Mercury (Hobart)

How their world fell apart, the morning after Valentine’s Day

- NINA FUNNELL

“JUST keep quiet and you won’t get hurt”. This was the first thing Alicia* heard when she woke on the morning of February 15, 1986.

There was a hand over her mouth and a knife at her throat.

“I could feel the point of the knife pressing into my neck. I couldn’t breathe properly and kept trying to say ‘let go’.”
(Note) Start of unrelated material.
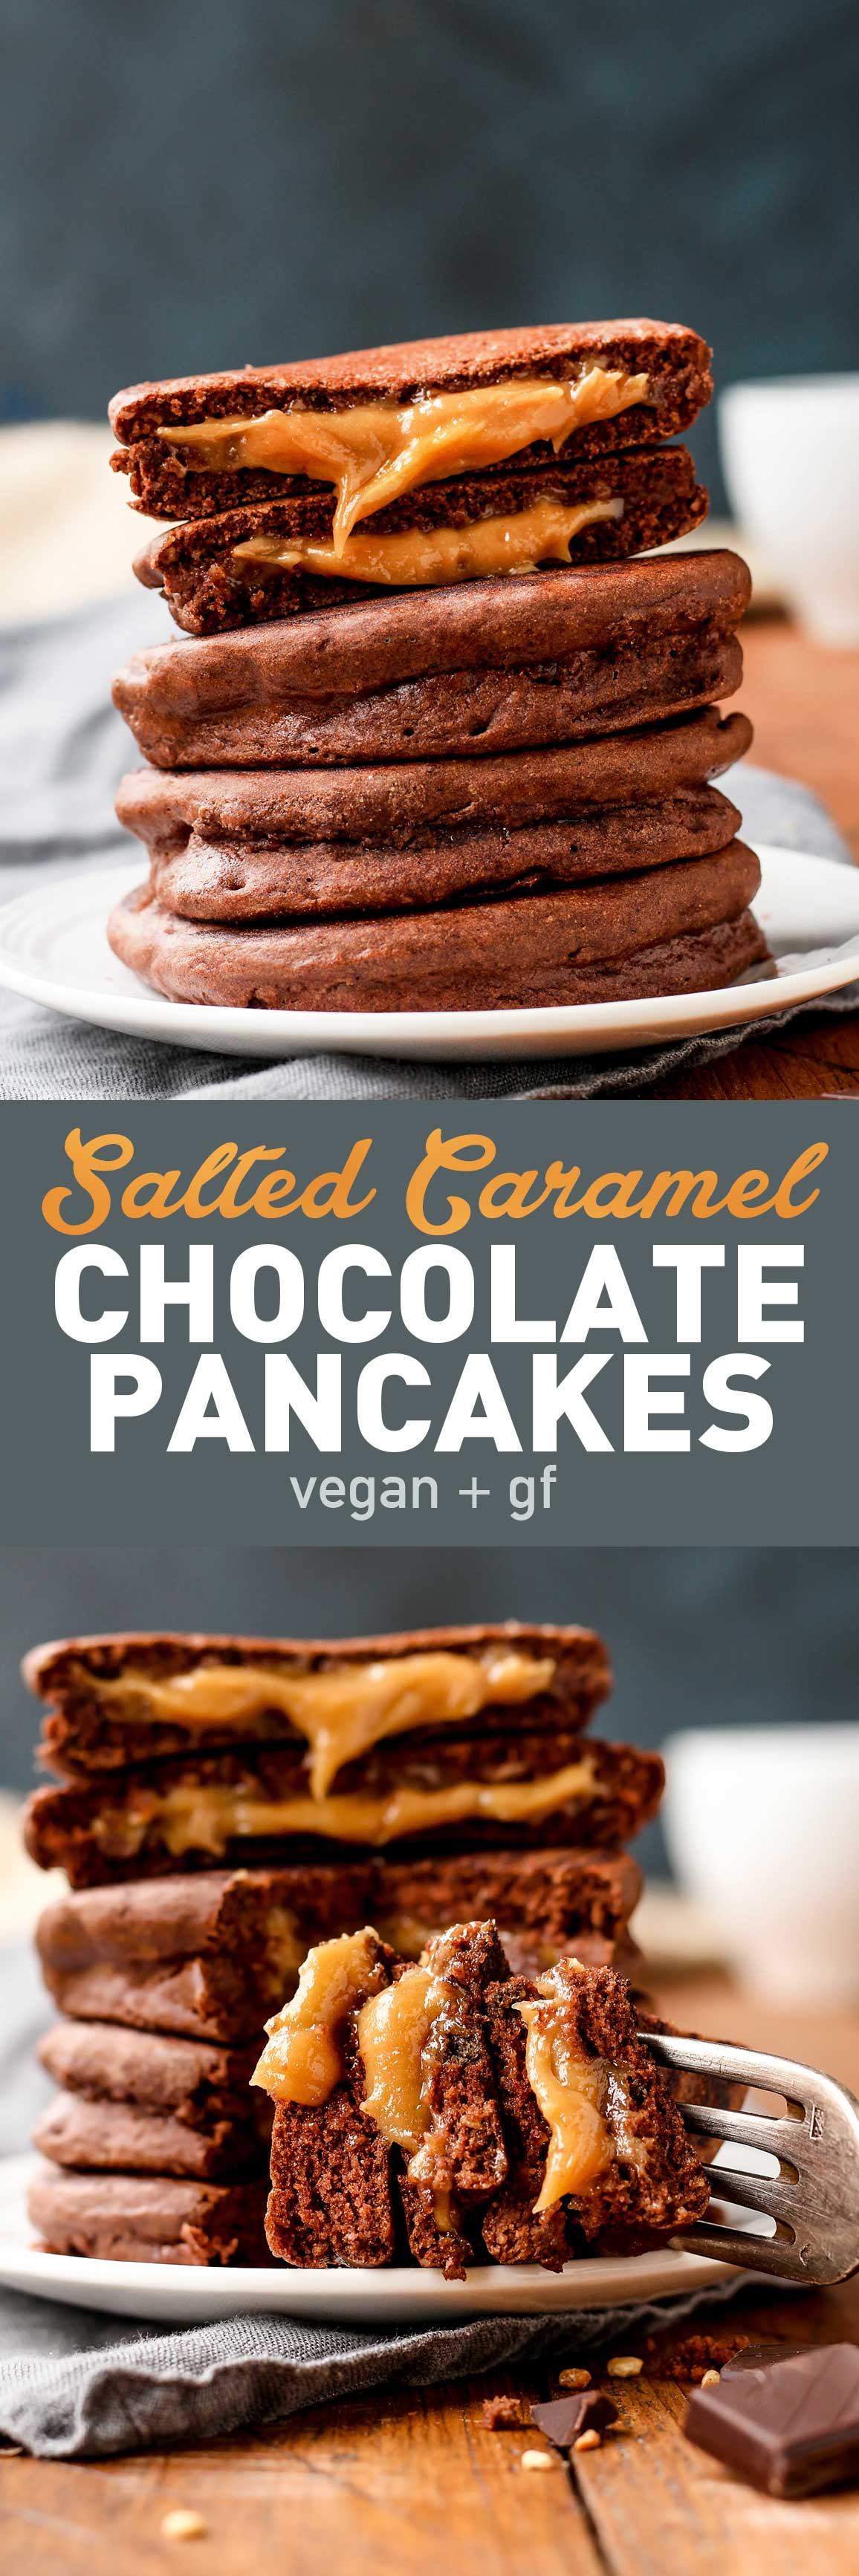 Salted Caramel Chocolate Pancakes

The night before was Valentine’s Day. Alicia and her 22-year-old fiance Dean Allan Allie had spent the evening visiting Dean’s parents.

“We were just a young and silly couple,” Alicia, now aged 51, says. “On weekends we liked yachting and fishing together.

“When we got home, we headed to bed around midnight.”

Across town, meanwhile, 30-yearold Jamie John Curtis’s night was just getting started.

Boozing until about 4am, Curtis and a 16-year-old accomplice got into Curtis’s vehicle and began prowling for a young woman to rape.

The first two targets they approached rejected their offer for a “lift”.

Then about 5.45am Curtis spotted a 15-year-old delivery girl on her morning paper round.

Dragging her at knifepoint to their vehicle, Curtis forced the girl into the boot of the car.

But minutes later, when the vehicle stopped at traffic lights, the girl used a screwdrive­r to jimmy open the boot lock, breaking free and fleeing on foot.

Undeterred, Curtis settled on a more local target: a young woman whom he had seen in the same street where he resided.

About 8am Curtis and his accomplice forced their way into the couple’s apartment, bashing Dean and binding his arms and feet before dragging him to the shower.

They then took turns repeatedly sexually assaulting Alicia.

“They raped me in the most degrading way, verbally taunting me and saying and doing the most sadistic things,” she says.

“I was disgusted, but I told myself to just get it over and done with and do whatever they say.”

In the next room, Dean was forced to listen.

When the rapes finally ended two hours later, Curtis and his accomplice abducted the couple, stealing their green HQ Holden and telling them they would release them once far enough away from the crime scene.

“An hour later we came to a clearing and a kind of valley in Gretna,” Alicia says. “The car stopped. Then I said ‘Can we go now?’”

Curtis replied “Don’t be stupid. We’re not going to let you go. You were conned.” Instead they took out a chainsaw. “Curtis said ‘ have you ever felt the blade of the chainsaw on your skin? It will be just like the chainsaw massacre movie’.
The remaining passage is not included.